There are two distinct strands to Prime Minister Narendra Modi’s art of public communication: one, high-voltage fiery bombastic rhetoric; two, total silence. The first is the highly personalised style of the nationalist superman, harking to how he is ek akela kitno par bhari (one man taking on so many of the Opposition), pushing his own ‘victimhood’ and how he is the ‘victim’ of his rivals. But when it comes to realities that discomfit the government, whether protest movements or killing of soldiers or outbreaks of violence, the top leadership of the ruling BJP stays totally and completely silent.

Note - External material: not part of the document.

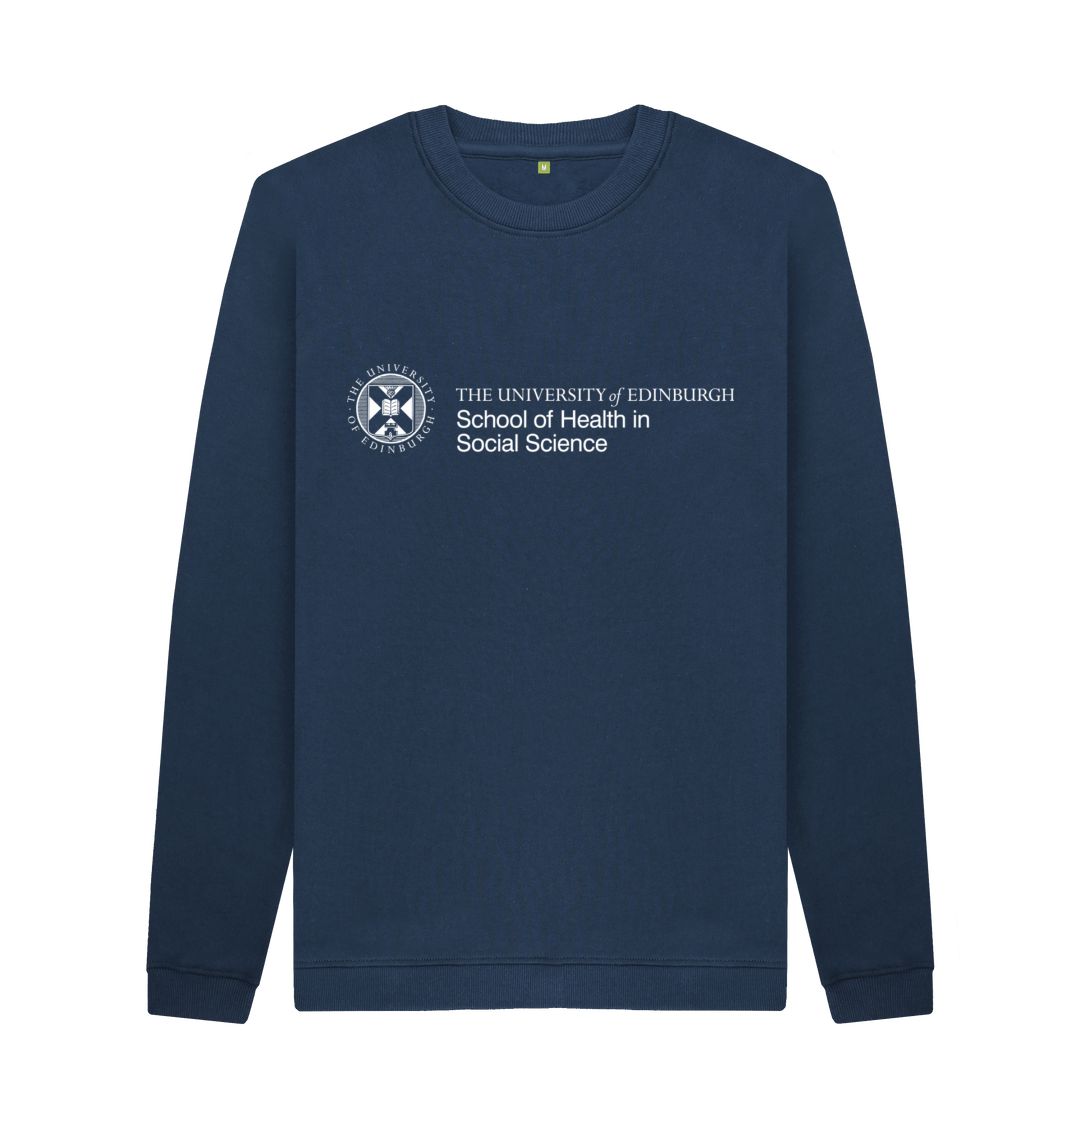 Navy Sweatshirt with white University crest and text that reads ' University of Edinburgh School of Health in Social Science

Loud, personalised nationalist superhero-cum-victim-cum-action man, on the one hand; stony silence, on the other. Bombastic rhetoric on certain issues, deafening silence on other matters; high profile personality projection, but mute escapism and refusal to take responsibility. It’s the politics of a government with a split personality. Citizens are kept guessing, perpetually unsure about whether their problems will merit attention or gain sympathy from the ruler. It is a strange politics of schizophrenia in which citizens can’t be hopeful of redressal of grievances if those grievances don’t fit in with the ruler’s politics.
In the special session of parliament held to pass the Women’s Reservation Bill, Modi declared, “God has chosen me for this sacred task”, thus yoking the 25-year-old Bill to his own individual persona. A highly personalised style of communication adopted by populist nationalists across the world, and which chimes well with the needs of TV media, always on the lookout for compelling personalities. TV loves the Modi cult. It also brings the BJP rich electoral dividends. The PM’s persona towers far above his party.
The victimhood cult requires a range of enemies to tilt against, one day picking a fight with the rebellious students of JNU and Jamia Milia Islamia; the next day, with the farmers of Punjab; and the third day, with ‘Urban Naxals,’ a vaguely defined group of people ranging from journalists to activists to even film personalities who don’t toe the ruling party line.
Last month, at an election rally in Bhopal, the PM lashed out against ‘Urban Naxals’. Days later, the Delhi police swooped down on the homes of journalists working with the website NewsClick and arrested its Editor Prabir Purkayastha under the anti-terror law, UAPA. NewsClick’s journalism has been cast as a ‘pro-China conspiracy’ against ‘India’s sovereignty’ when today, Chinese investment flows into several Indian start-ups. In 2019, the PM similarly mocked a group of people the right-wing has dubbed the ‘Khan Market gang’ or the so-called westernised elite that apparently opposes the BJP.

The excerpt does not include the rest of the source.